Hakan ile yaşadığı o duygu dolu anlar gözünün önünden bir film şeridi gibi geçmeye devam ederken devam etti sessizce adımlamaya.Kendine hakim olamayışının öfkesini elinde tuttuğu ceketini sıkarak çıkarmaya çalışsa da pek başarılı olamadı.Ne kendine kızmak,ne de elinin altındaki eşyalara güç gösterisi uygulamak..Hiçbiri içindeki o anlamdıramadığı huzuru gölgeleyebilecek yetkiye sahip değildi,olamazdı da.Hakan'ın usulca bileğini tutuşu,nasıl olduğunu anlamadığı kolların beline sarılışı,adamın omuzlarına teslim ettiği elleri...Nasıl olmuştu da böylesine bırakabilmişti kendisini onun kollarına,aklı almıyordu.Kendi sorduğu sorulara bile yanır bulamazken çoktan gelmişti hastanenin bahçesine.Acile giriş yaptığında kendisine dönen meraklı gözlere aldırış etmeden hızlıca adımladı odasına doğru.

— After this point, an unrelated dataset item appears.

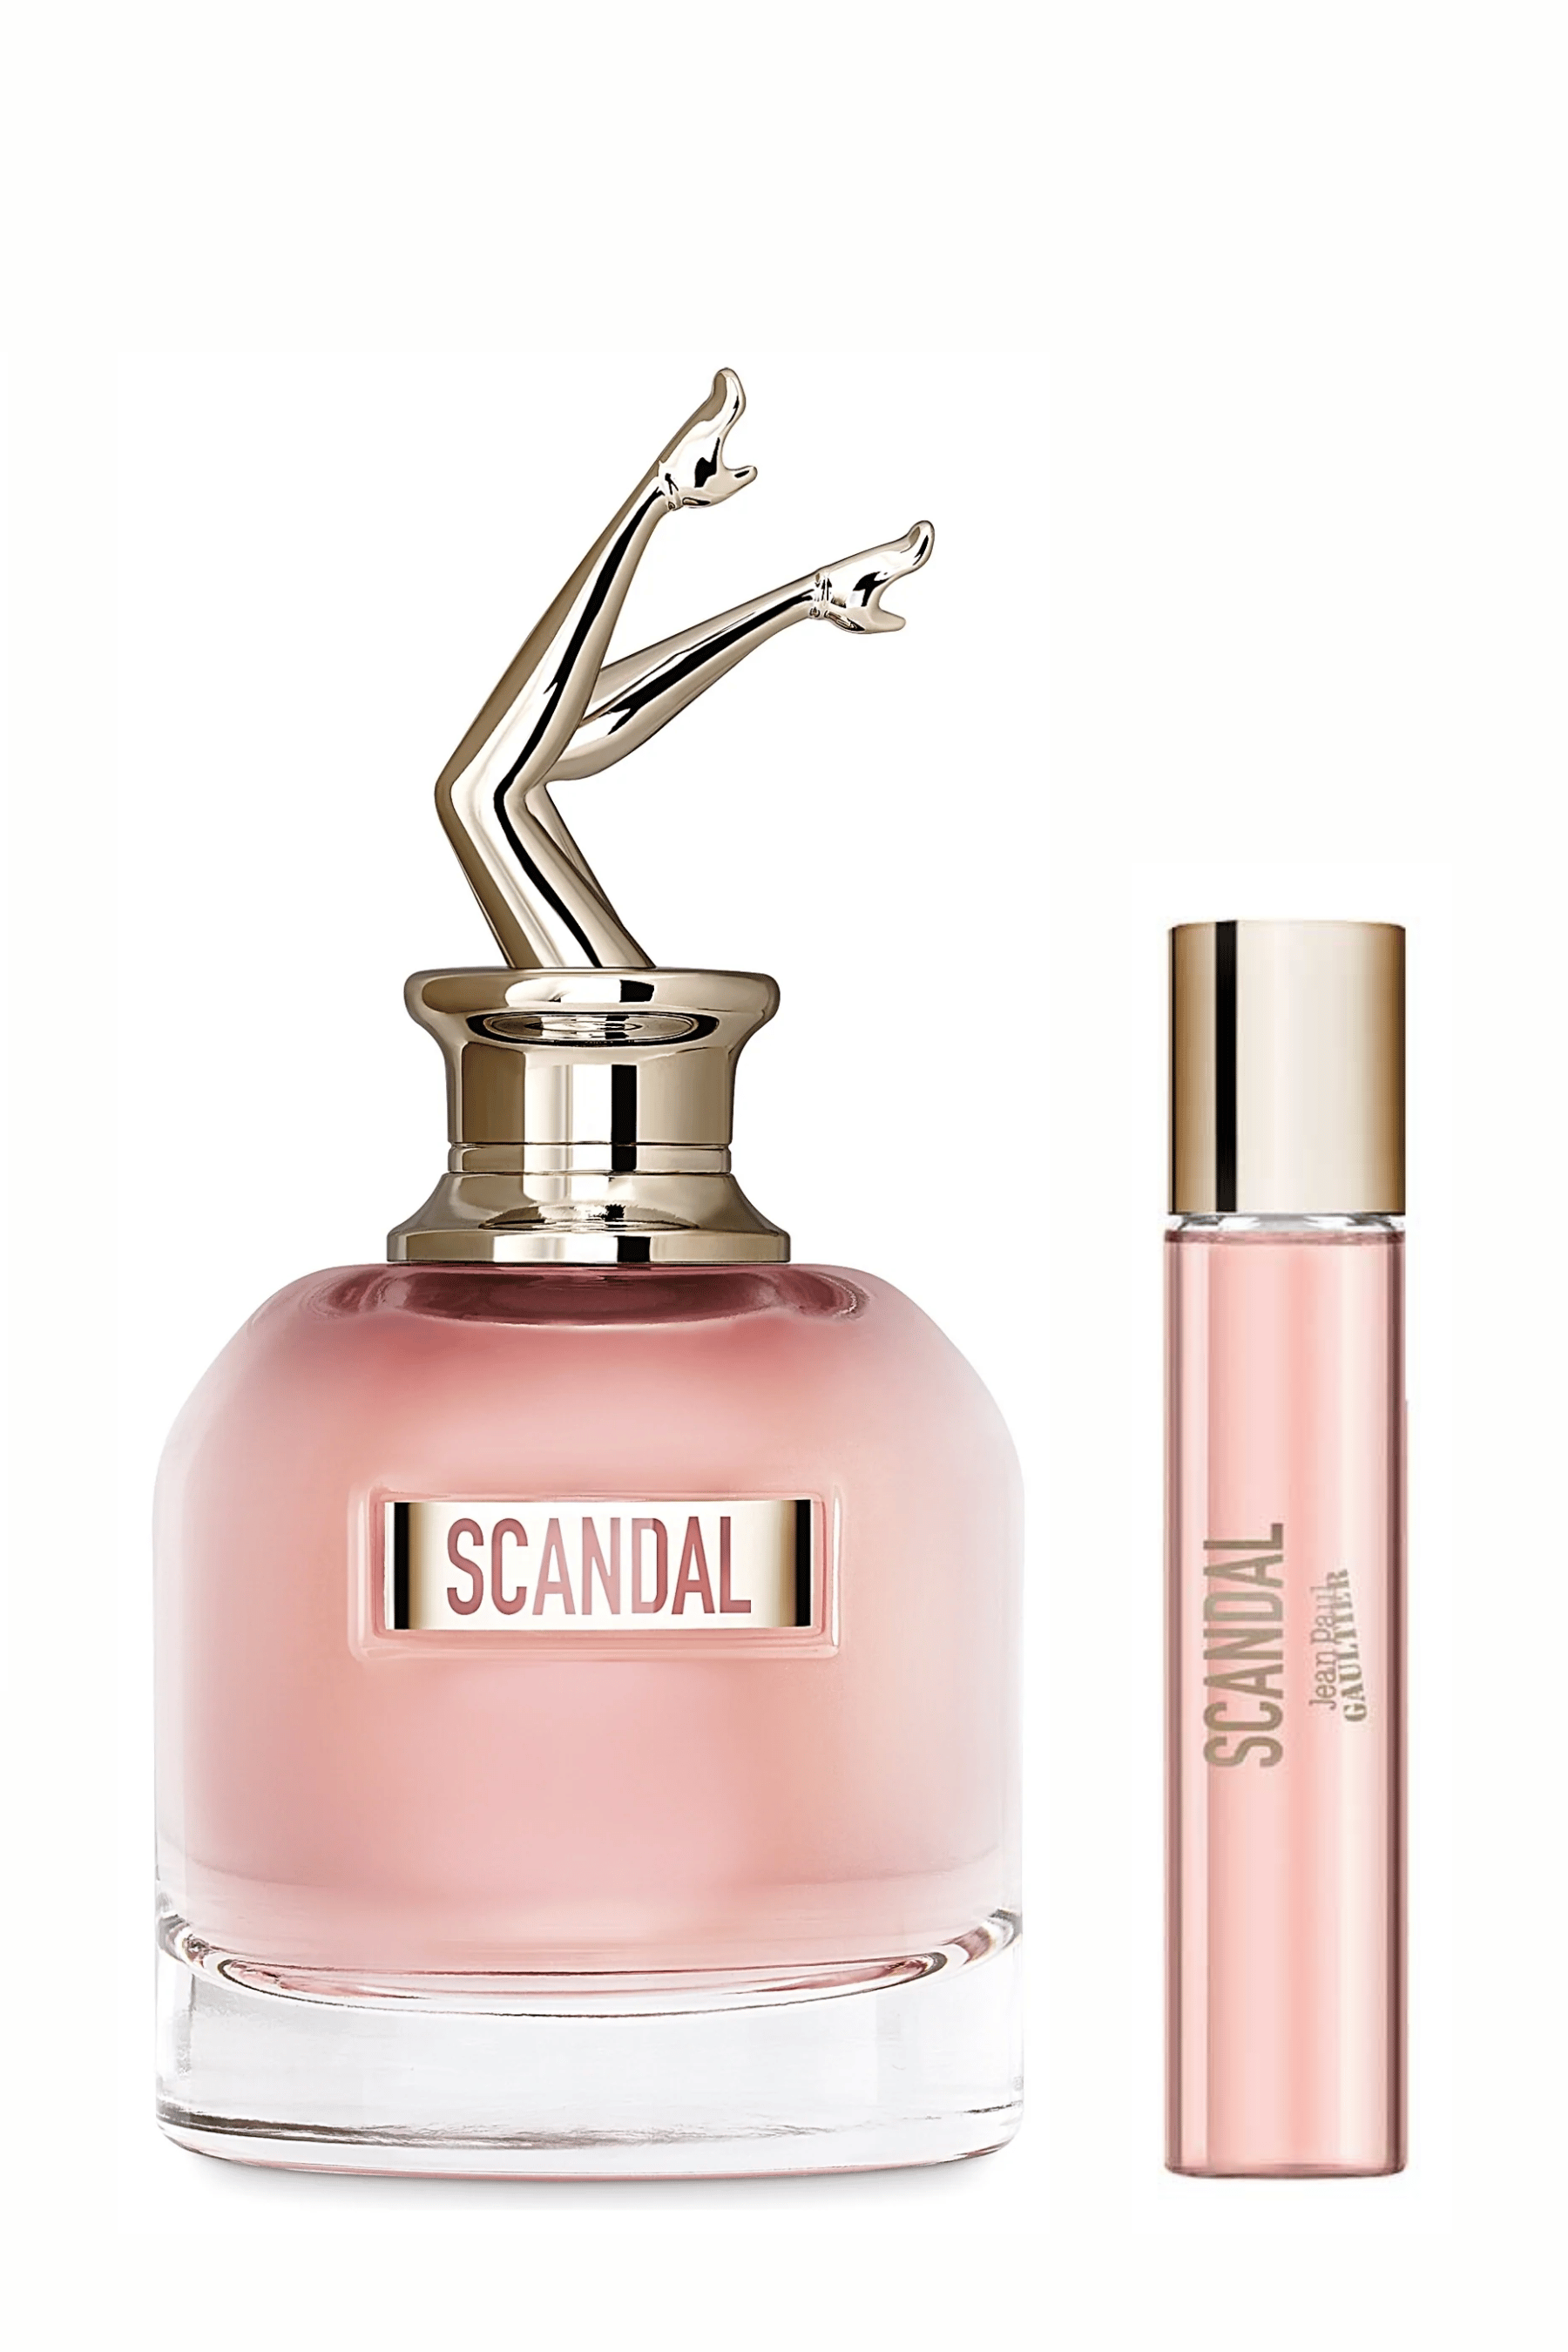 Jean Paul Gaultier Women's Scandal Eau de Parfum Spray - 2.7 oz bottle

Kendini sadece işine verecek ve bugün Hakan ile arasında hiçbir şey yaşanmamış gibi yapacaktı.Yapmak zorundaydı.Düşünürse kafayı yiyecek gibi olur,ayakları Mine'nin ikazlarına kulak asmayarak koşarak gidecekti ait oldukları yere.

2 Gün Sonra
Güneş yeniden maviliğe elveda demiş,yerini donuk gri elbisesini üstüne giymiş olan ay'a bırakmıştı.Düşünceler denizinde boğulmamak için iki gündür nöbet tutuyordu hastanede.Görevini devredip,iyi akşamlar dileyerek hızlıca yürüdü bahçenin dış kapısına doğru.Bakışlarını yerdeki çakıl taşlarından ayırmadan takip etti evinin yolunu.